散 步

他沒有回答。她接著又說:

「讓我來愛你吧,我的可人兒;你可以看得見我是很可愛的。」

他回答說:「夫人,您認錯了人。」

她伸起她的胳膊挽住他,同時說道:「快點吧,現在;別傻了,聽我說……」

他站起來走開了,心裡有些不痛快。沒走幾米遠,另外一個女人又走到他身邊問道:「您願意在我身邊坐一會兒嗎?」他說:「您為什麼要過這種生活?」

她站在他面前,並且聲音變得嘶啞和憤怒起來,大叫道:「好吧,無論如何不都是為了給自己找樂子。」

他堅持用柔和的聲音問道:「那麼,是什麼讓你這樣做呢?」

她咕噥道:「我總要活下去,愚蠢的問題!」接著她就哼哼唧唧地走開了。

勒若先生有些茫然地站在那裡。其他女人從他附近經過,和他說話,邀請他。他感覺好像被一種不友好的東西包在黑暗中。

他又在一條長凳上坐了下來。那些四輪馬車依然隆隆駛過。「我不應該到這裡,我完全被弄得煩躁了。」他暗自想著,然後他開始想著經過他眼前的這一切:這些被玷汙或者激情的愛情,所有這些被售賣或者給予的親吻。愛情!他幾乎不認識它。在他這一生,他只熟悉兩個或者三個女人,他的收入要求他必須過那種平靜的生活,他想到他從前過的生活,那是和別人都不同的,是如此單調,如此哀痛,如此空虛。

有些人的確很不幸。忽然一下,彷彿他靈魂上的面紗被人撕開了,他感到了無止境的痛苦,他存在的單調乏味:過去,現在和未來的苦楚;他最後的日子和最初的一樣,無論在他前、後或者四周一無所有,心裡一無所有,任何方面都一無所有。

車流依然不停地經過。在那些快速經過的敞開式的馬車裡,他依然能看見一對對靜悄悄地互相摟著的人,在他眼前顯露又消失。他感覺全人類都沉醉於充滿了喜悅、快樂和幸福的世界在他跟前流動著。而他則孤零零地站在一邊看著。明天,他依舊是孤零零的,永遠孤零零的,比其他任何人都要孤獨。他站了起來,剛走了幾步,突然感到疲倦了,如同他剛剛步行了很長一段旅程一樣,他在挨著的長凳上坐下來。

他在等待什麼?他還指望什麼?什麼都沒有。他想到當一個人年老的時候,回到家裡,看到許多小孩時一定非常開心。當一個人被那些自己養育的人圍繞,愛你,關心你,會告訴你一些可笑和愚蠢的小事,讓你心裡感到溫暖,讓一切得到安慰,那麼這時的暮年也是讓人高興的。

然後,他想起了自己的那間空房間,乾淨而憂愁,除了他自己從來沒有人進去過,於是一種悲痛的感覺充滿了他的心靈,那個地方,在他看來,比他的那間小辦公室更讓人傷心。

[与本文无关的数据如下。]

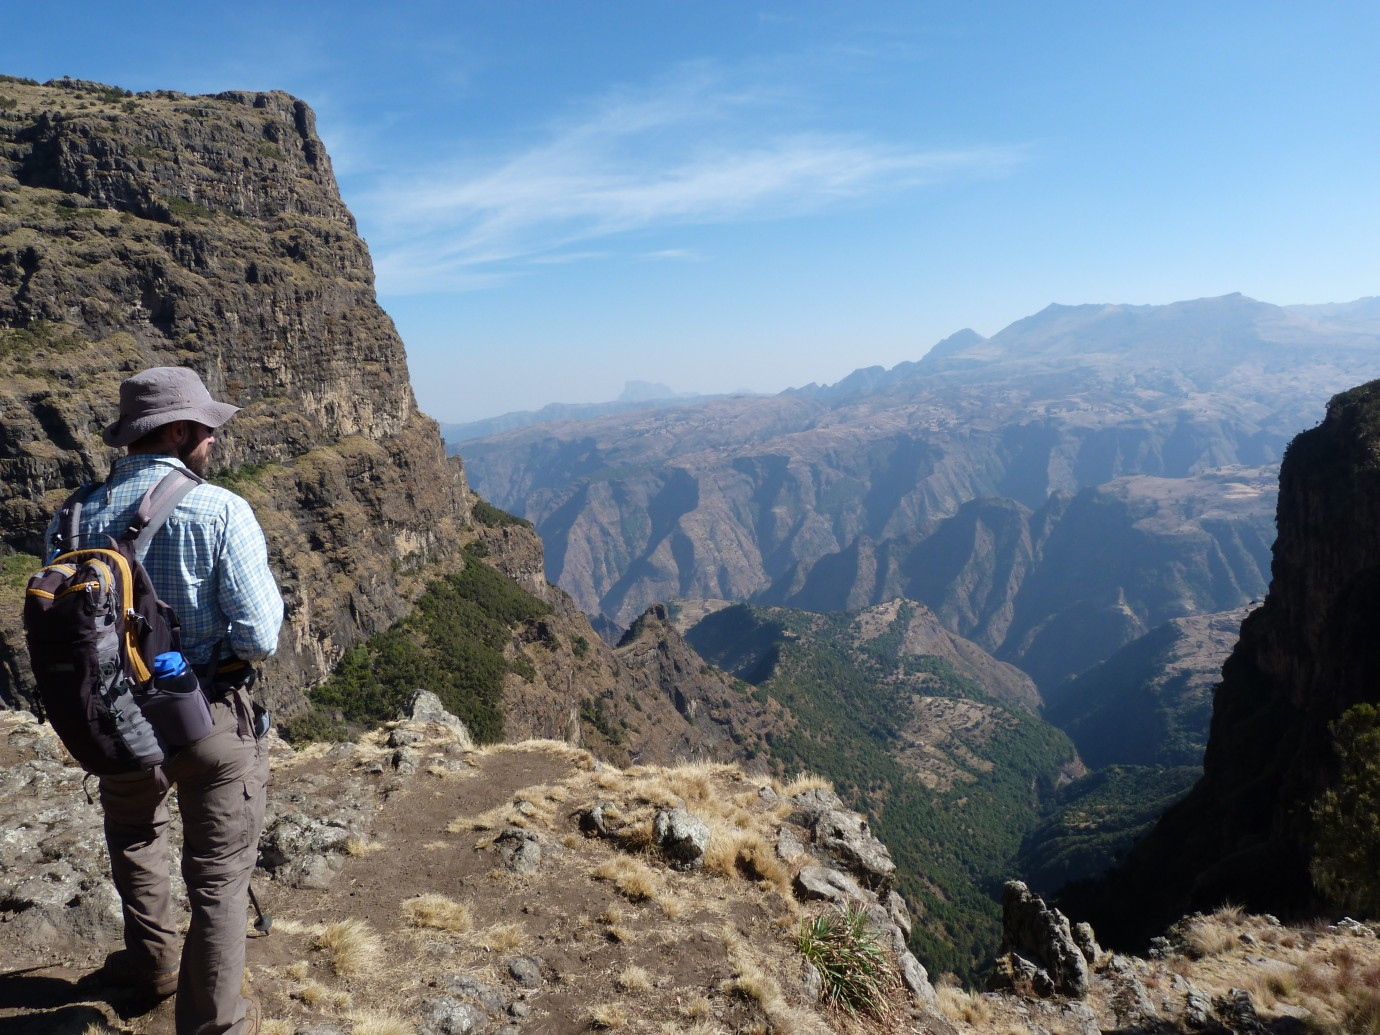 Trekking in Ethiopia - KE Adventure Travel
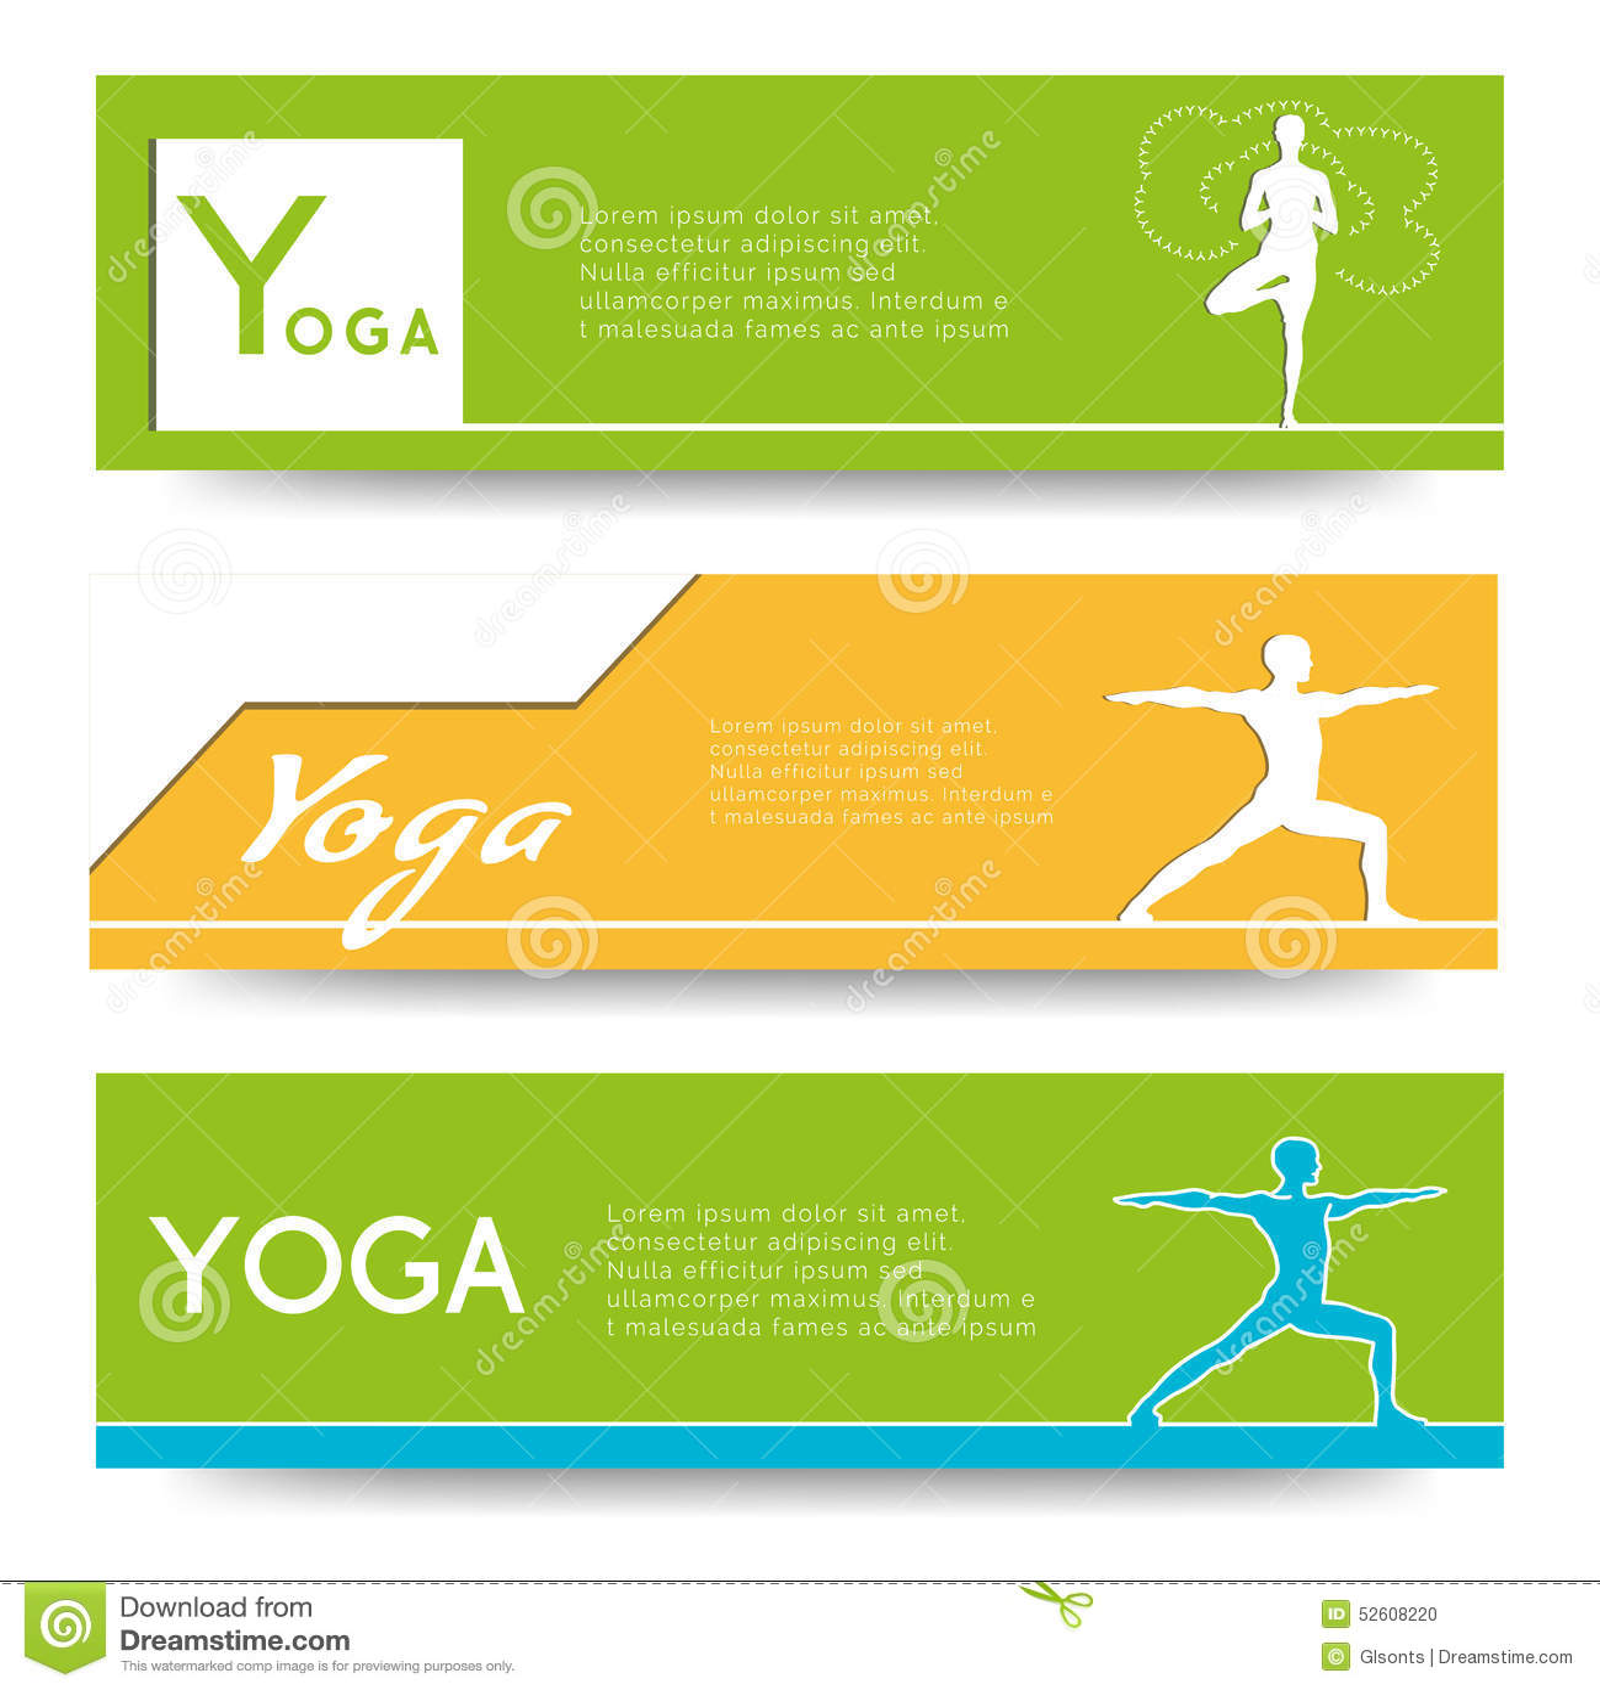 Yoga Vector Banner Professional Templates Or Design For Studio Website Magazine Publishing Print Presentation

從來沒有人去過那兒,也從來沒有人在裡面說過話。它是死的,沉默的,沒有人說話的迴響。好像這些牆還保留著一些曾經住在裡面的人的影響,保留著幾分他們的姿態、形象和言論。那些被幸福家庭住著的房子比不幸的人住著的房子更快樂。而他的房子沒有他人生的記憶。後來,想到要返回那個地方,孤零零地躺在自己的床上,再次重複那些每天晚上的種種行為,這個想法讓他很害怕。好像要遠遠逃離這個險惡的房子和那個必然到來的時刻,他站了起來,沿著一條小路走到樹林茂密的地方去了,在那裡他坐到草坪上。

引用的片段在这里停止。